Bahkan, menurut Fourfourtwo, Derbi Istanbul merupakan derbi terbesar nomor enam di dunia.
Kekerasan suporter Fenerbache ini bukan pertama kali, paling terakhir insiden mengerikannya suporter Fenerbache sempat tergambar pada Derbi Istanbul antara Galatasaray dan Fenerbahçe, Minggu, (22/10/2017) di kandang Galatasaray, Stadion Turk Telekom Arena, Istanbul, Turki.

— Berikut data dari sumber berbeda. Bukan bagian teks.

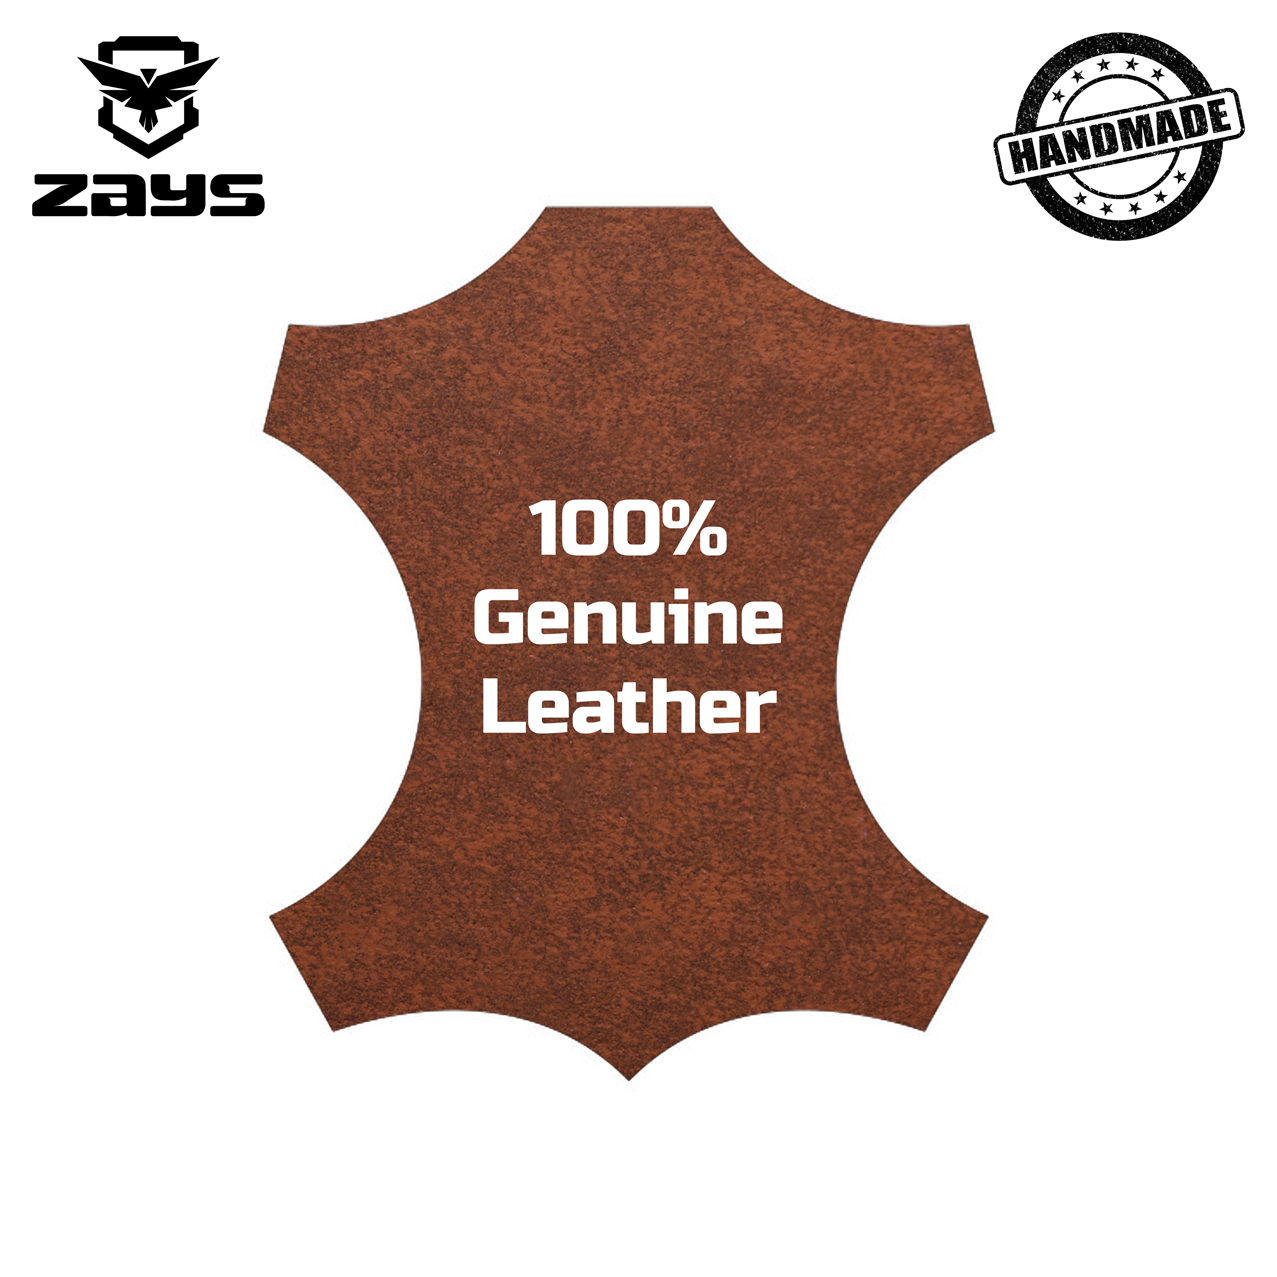 Zays Leather Premium Formal Shoe For Men (Brown) - ZAYSSF26

Saat itu pendukung Fenerbache tengah kesal karena pemain sayap tim tuan rumah, Younes Belhanda diberi kartu kuning kedua karena melakukan diving.
Suporter yang marah tim kesayangannya harus bermain dengan 10 pemain, justru melampiaskan kekesalannya pada asisten wasit Tark Ongun.
Suporter Galatasaray mulai melempari Ongun dengan botol dan berbagai macam benda mengenai kepalanya. Namun, Ongun tetap bertahan di tepi lapangan untuk melaksanakan tugasnya.
Sayangnya keadaan justru makin parah. Semakin banyak benda dilemparkan ke arah Ongun seperti minuman, bendera, dan korek api hingga memaksa sang assisten wasit untuk meringkuk dan melindungi kepalanya.
Derbi Istanbul selalu mengisahkan cerita yang selalu menyita publik dunia. Gengsi antar suporter dan tim memang terasa wajar dari sebuah rivalitas klub dalam satu daerah, tetapi aturan FIFA tetap wajib ditegakkan karena sepak bola sejatinya merupakan sebatas ajang pertandingan di dalam lapangan.
Hal tersebut terpampang jelas dari prinsip FIFA 'For the Game. For the World' atau untuk permainan, untuk Dunia.